On this Sunday, a thick row of flowers lined the sidewalk in front of the church. News cameras streamed footage from the church's balcony and from across the street. Hundreds who could not fit inside the church stood outside, singing along to the songs that poured out the front doors. Sheriff's deputies checked bags at the door. Police officers posted up along the walls. Politicians, including Gov. Nikki Haley, Sen. Tim Scott, and former Sen. Rick Santorum, sat on the pews among the regular parishioners. On this Sunday, a community, a city, a country had turned to this church to help ease the pain from an unspeakable tragedy.

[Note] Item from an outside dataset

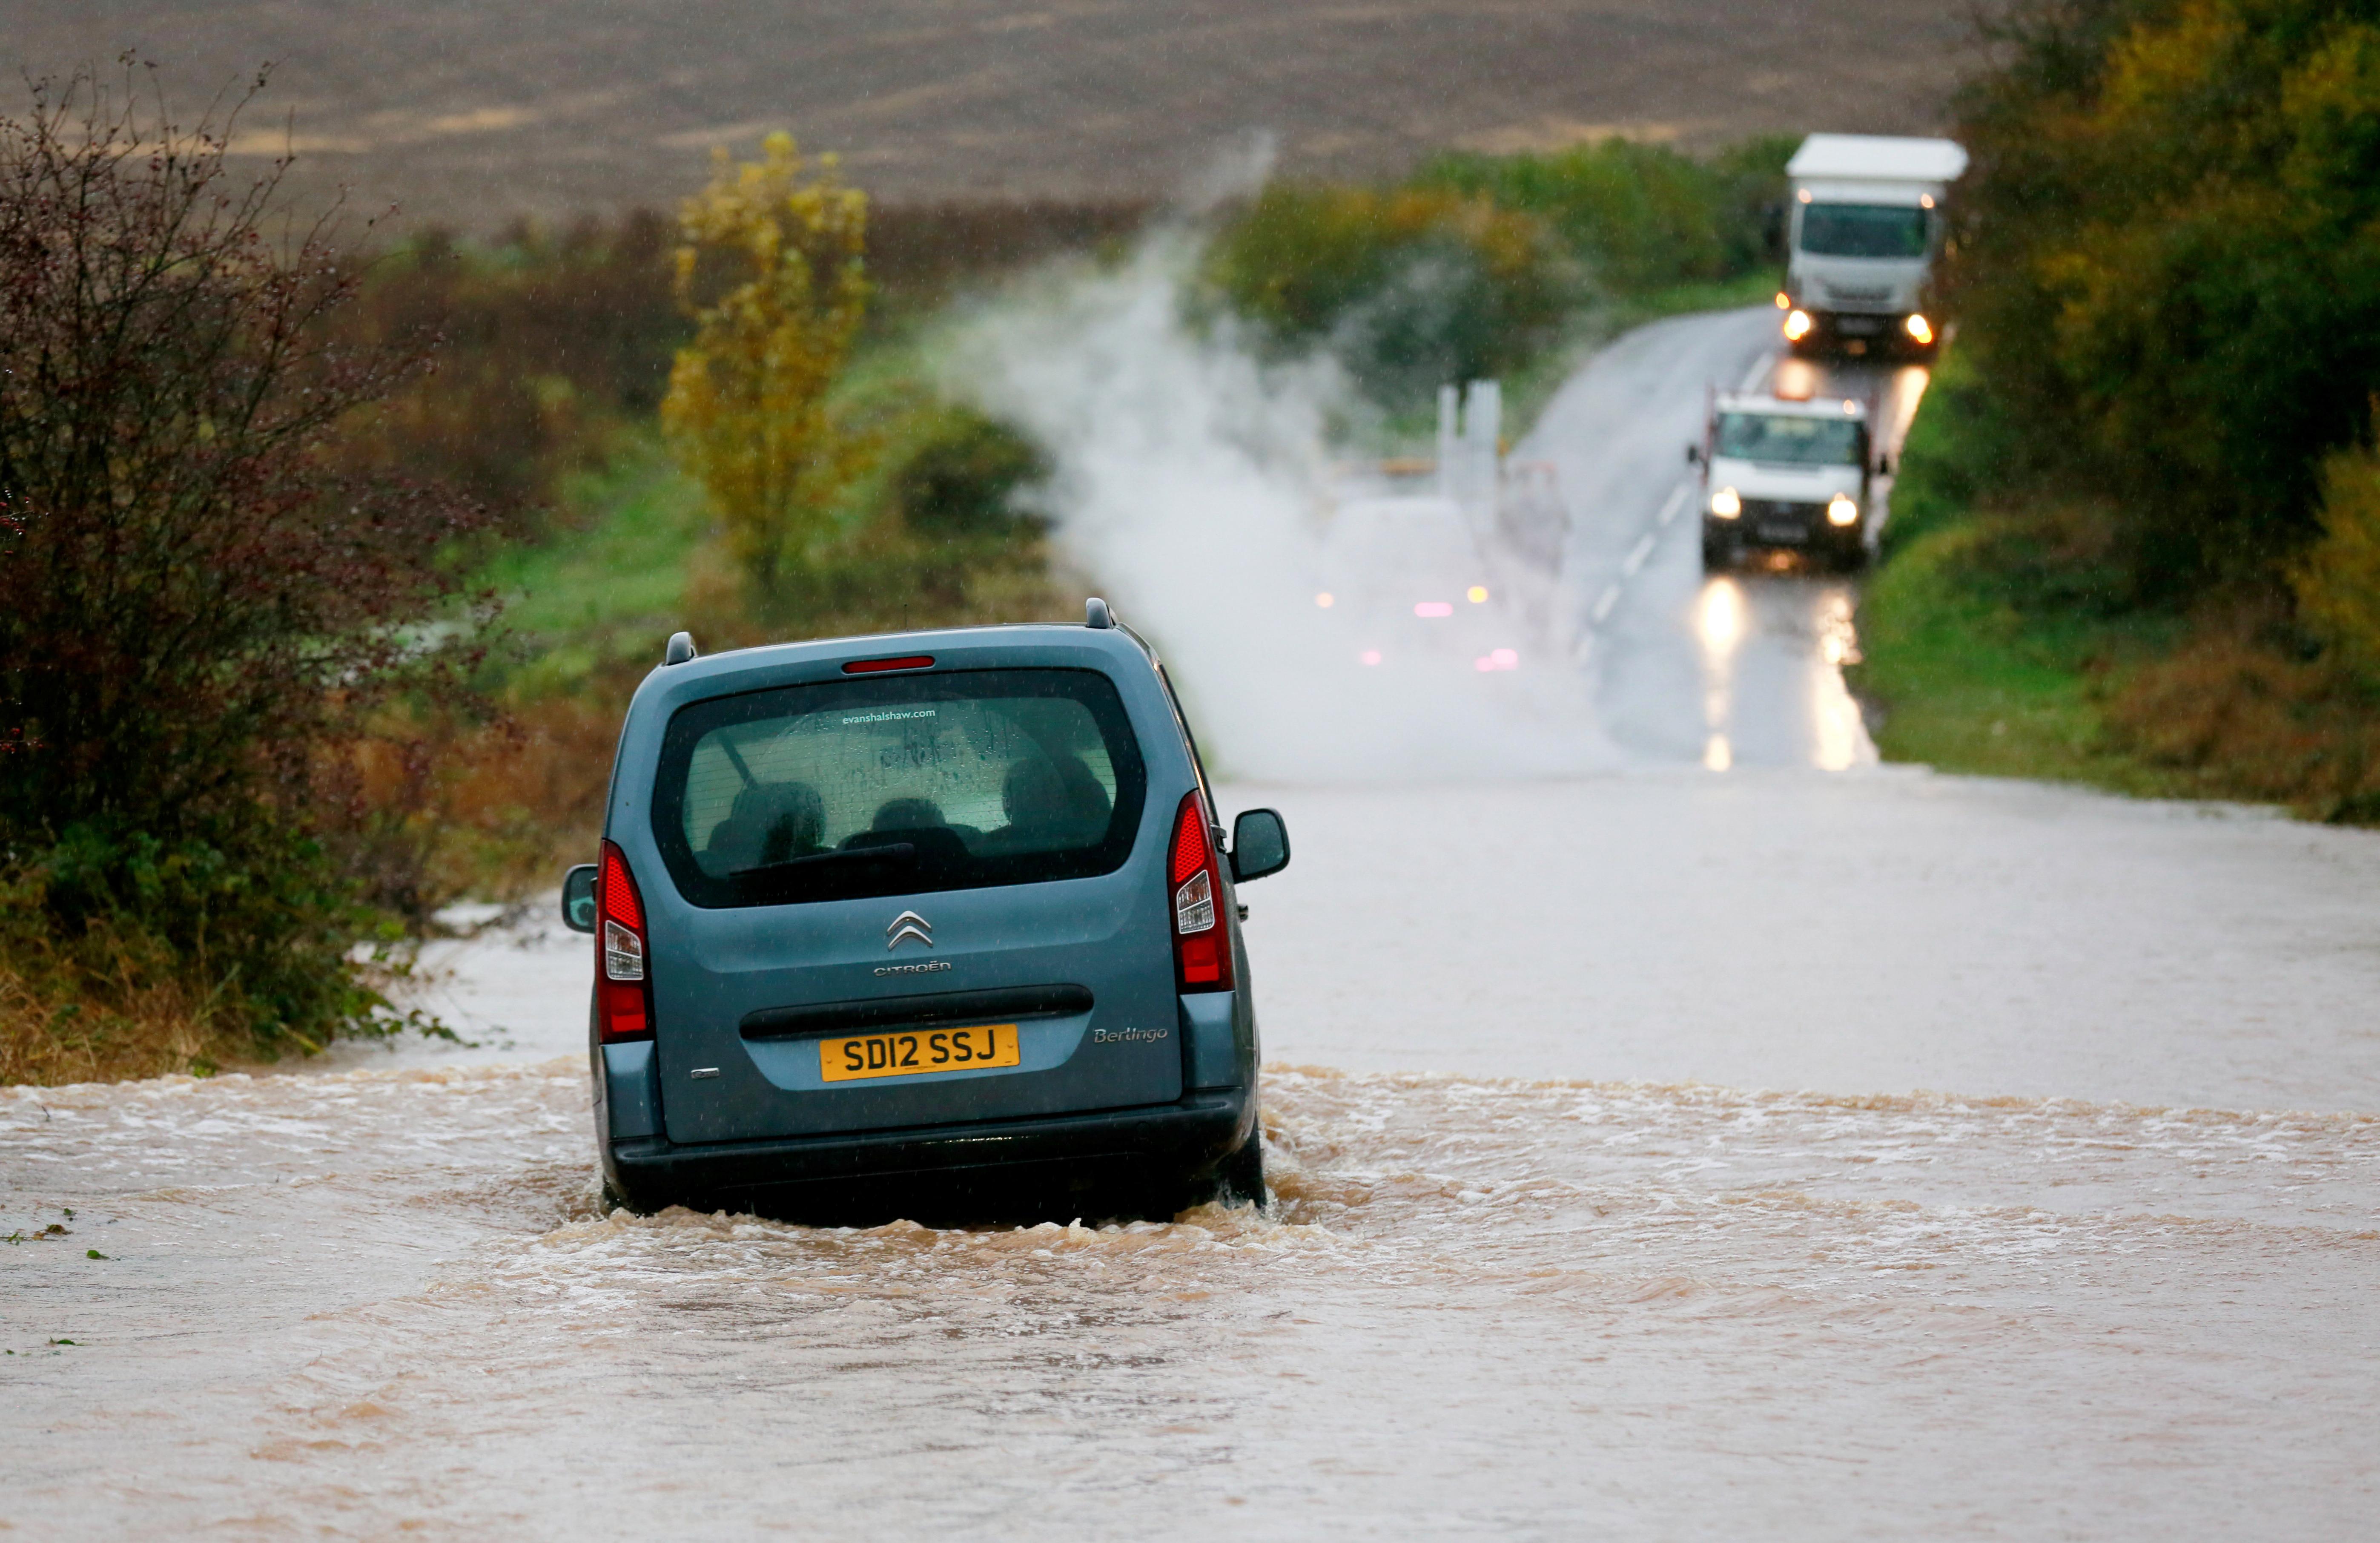 UK flooding: The rain has caused travel chaos across England overnight

"The devil was trying to take charge," Rev. Goff told the congregation. "But the devil cannot take control of Your people and the devil cannot take control of Your church."

His message, and the message of the several other preachers who took the lectern, was one of faith in the shadow of horror and strength in the shadow of evil.

"May love take charge," he added.

For long stretches, the sorrow that had engulfed this place seemed to fade, replaced by the familiar. Familiar hymns and familiar scripture, women in Sunday white and men in Sunday suits, children restlessly rocking in their seats, the same old rhythms of so many services in so many churches for so many years.

Kornickey felt the same spirit that had kept drawing her back to Mother Emanuel, the same church where her parents and grandparents and great-grandparents had found refuge through years of tragedies. And yet Mother Emanuel was still here.

"I get that charge," she said. "There is a deep history here. There is a special vibe here. It is a feeling you get here, and I can't even put it into words."

But the sorrow never truly faded. All throughout the two-hour service, behind the joyous dancing and the talk of "bright days," there remained the memory of the evil that had taken place in a room just below where the hundreds stood.

"We are reminded this morning about the freshness of death," the preacher said. "We ask questions, Lord. We ask why. It is our human nature."

As the service wound to a close, Rev. Goff read the names of the victims. People walked up the aisle to kneel and pray at the base of the altar. Boxes of tissues passed through the crowd. For a moment, the music and the singing and the preaching stopped, and the loudest sound was the sound of sobbing.

Then, later, the doors opened and the people began to make their way toward them. Then the preacher told them to stop.

With every eye looking upon him, he said, "Turn to somebody and say, it's gonna be all right."